§ Activity
Return all the lines below exactly. Any picture among them is omitted.

─── Raw data

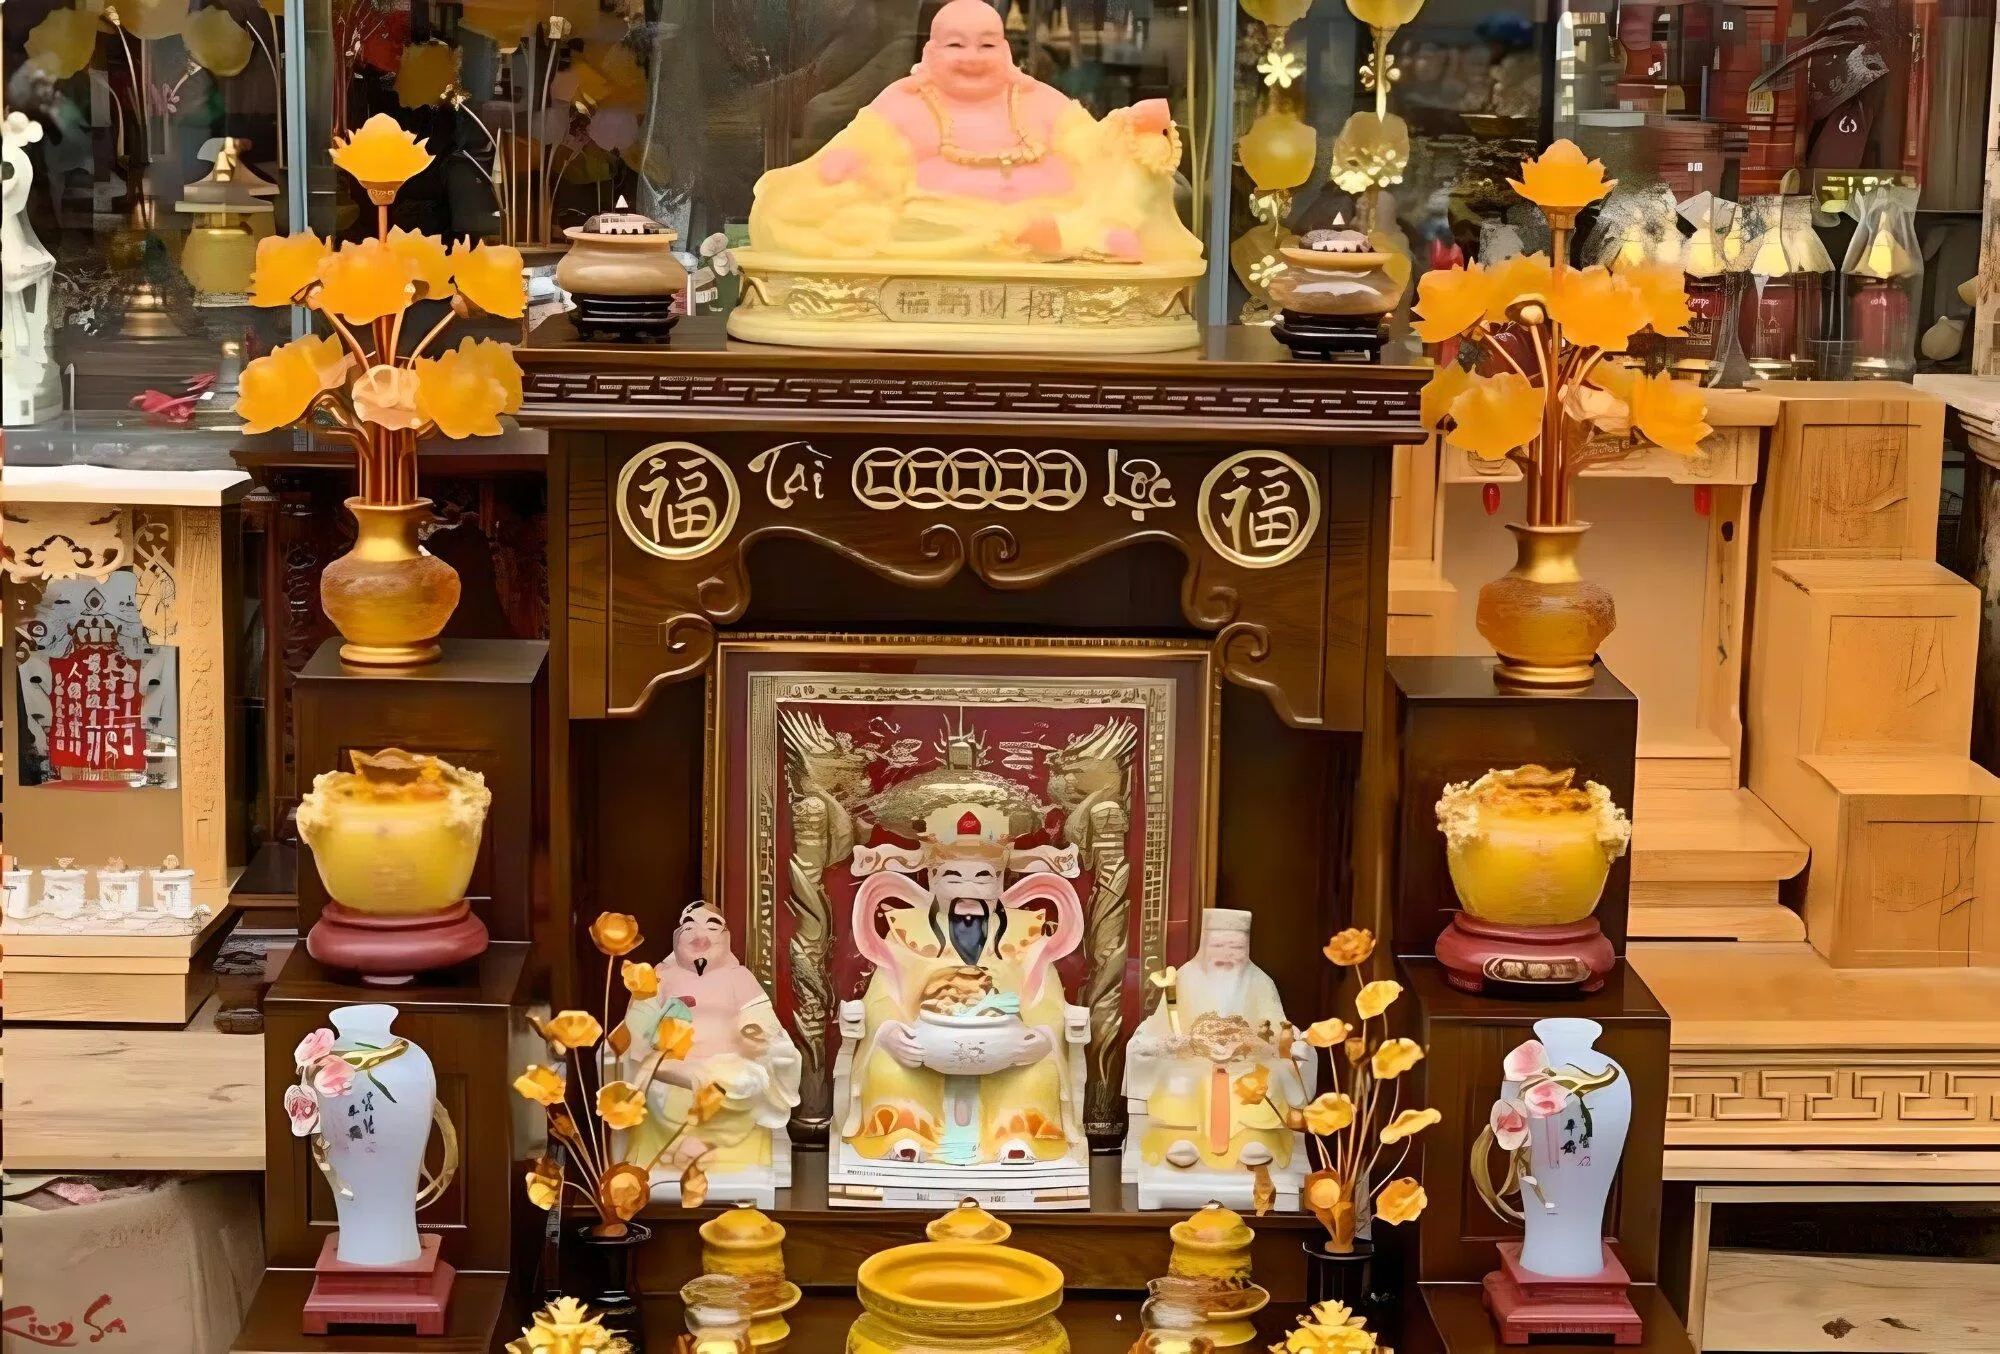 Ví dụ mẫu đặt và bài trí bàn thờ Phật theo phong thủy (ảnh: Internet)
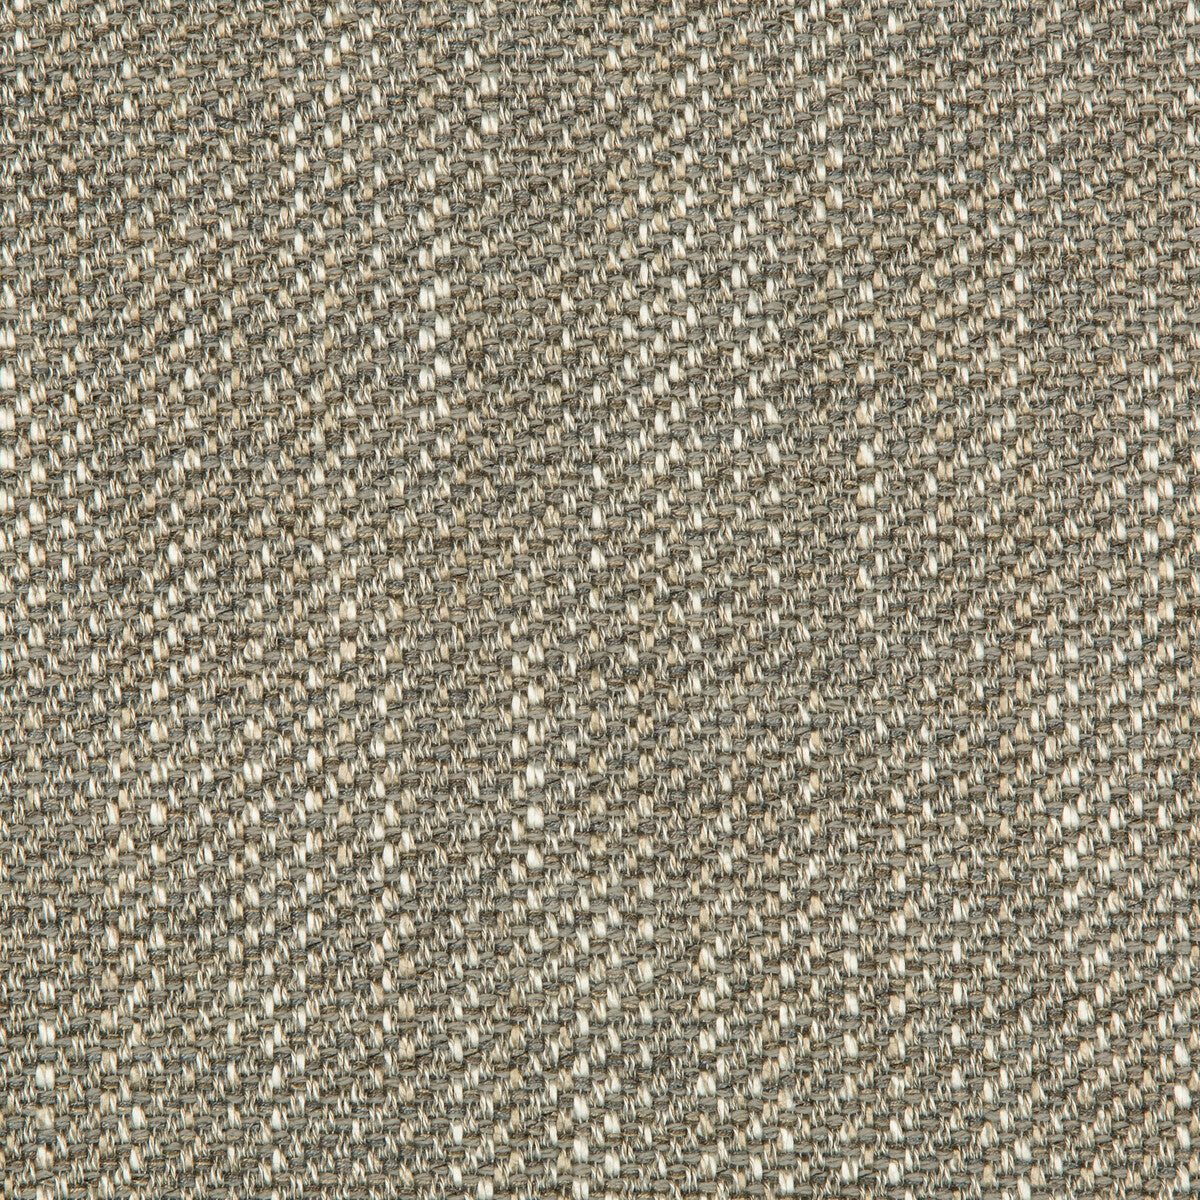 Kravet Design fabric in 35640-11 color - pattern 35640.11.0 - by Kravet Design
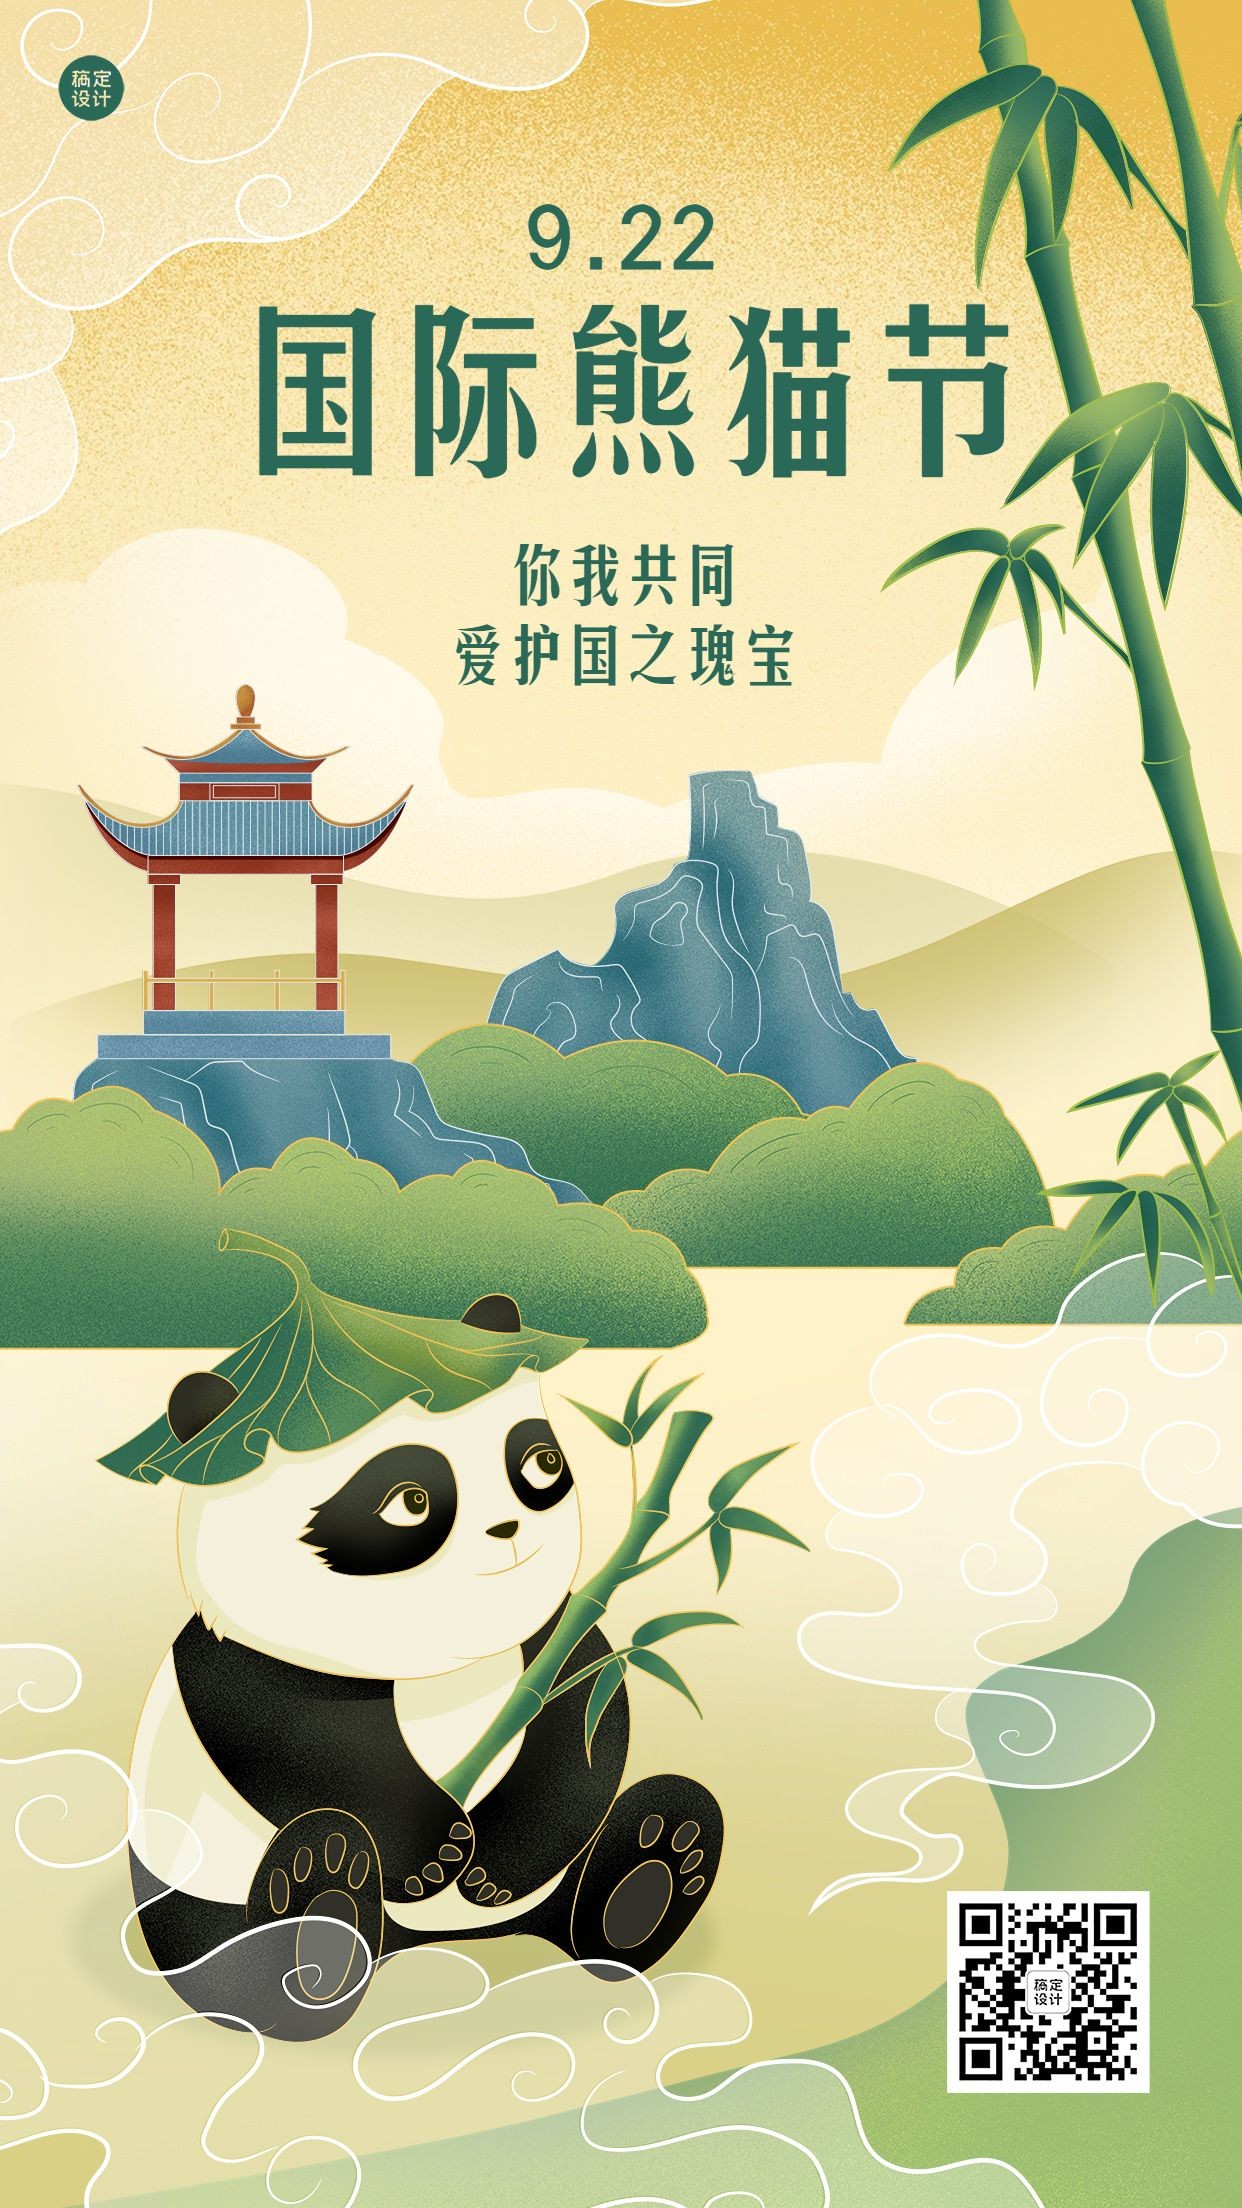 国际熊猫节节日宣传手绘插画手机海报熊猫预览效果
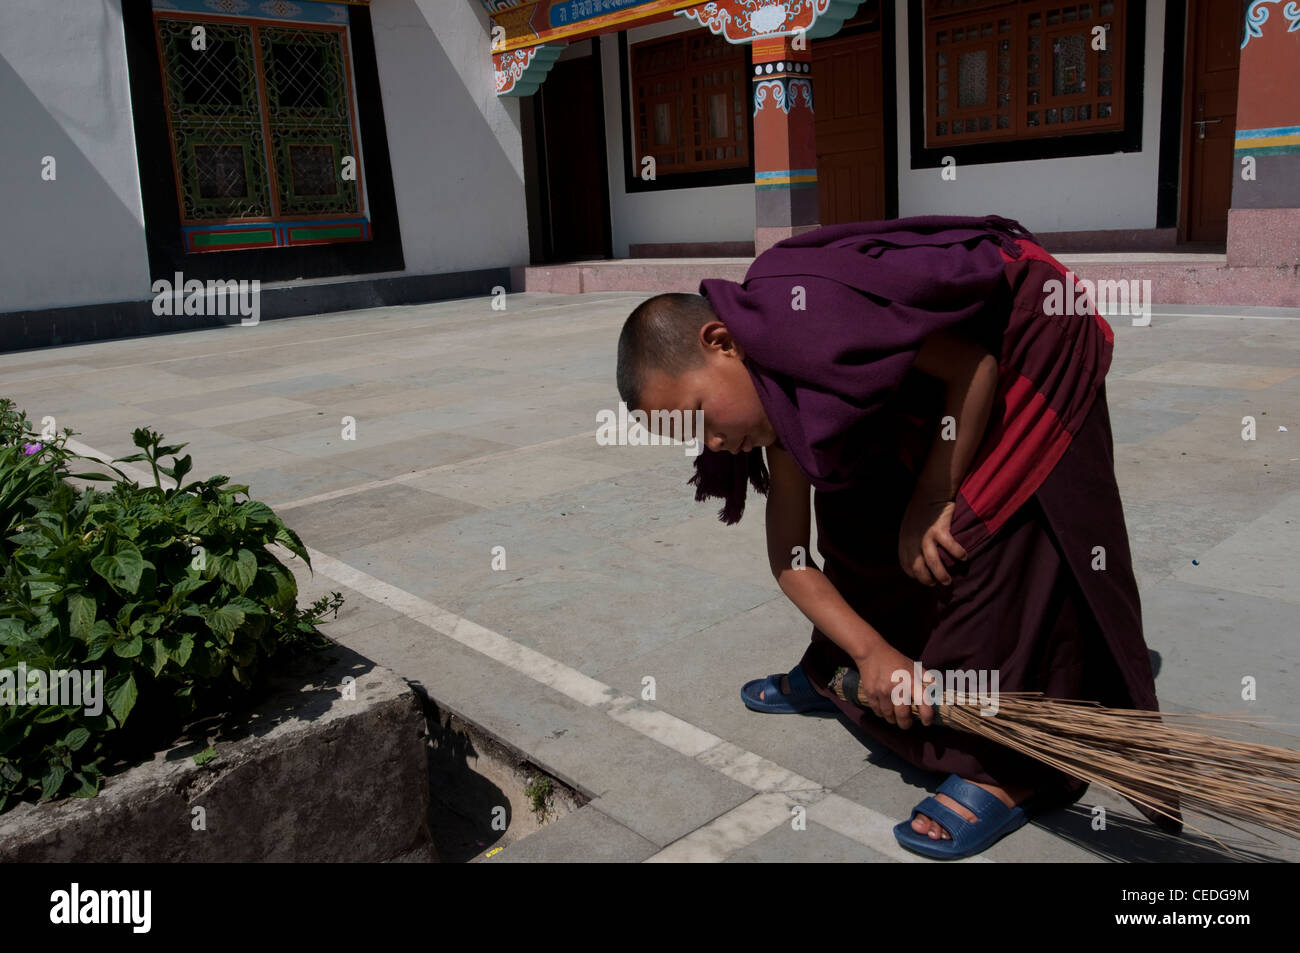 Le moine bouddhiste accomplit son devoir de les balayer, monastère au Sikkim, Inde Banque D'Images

──────

§ Response to the task
 Ví dụ mẫu đặt và bài trí bàn thờ Phật theo phong thủy (ảnh: Internet)
 Kravet Design fabric in 35640-11 color - pattern 35640.11.0 - by Kravet Design
 国际熊猫节节日宣传手绘插画手机海报熊猫预览效果
 Le moine bouddhiste accomplit son devoir de les balayer, monastère au Sikkim, Inde Banque D'Images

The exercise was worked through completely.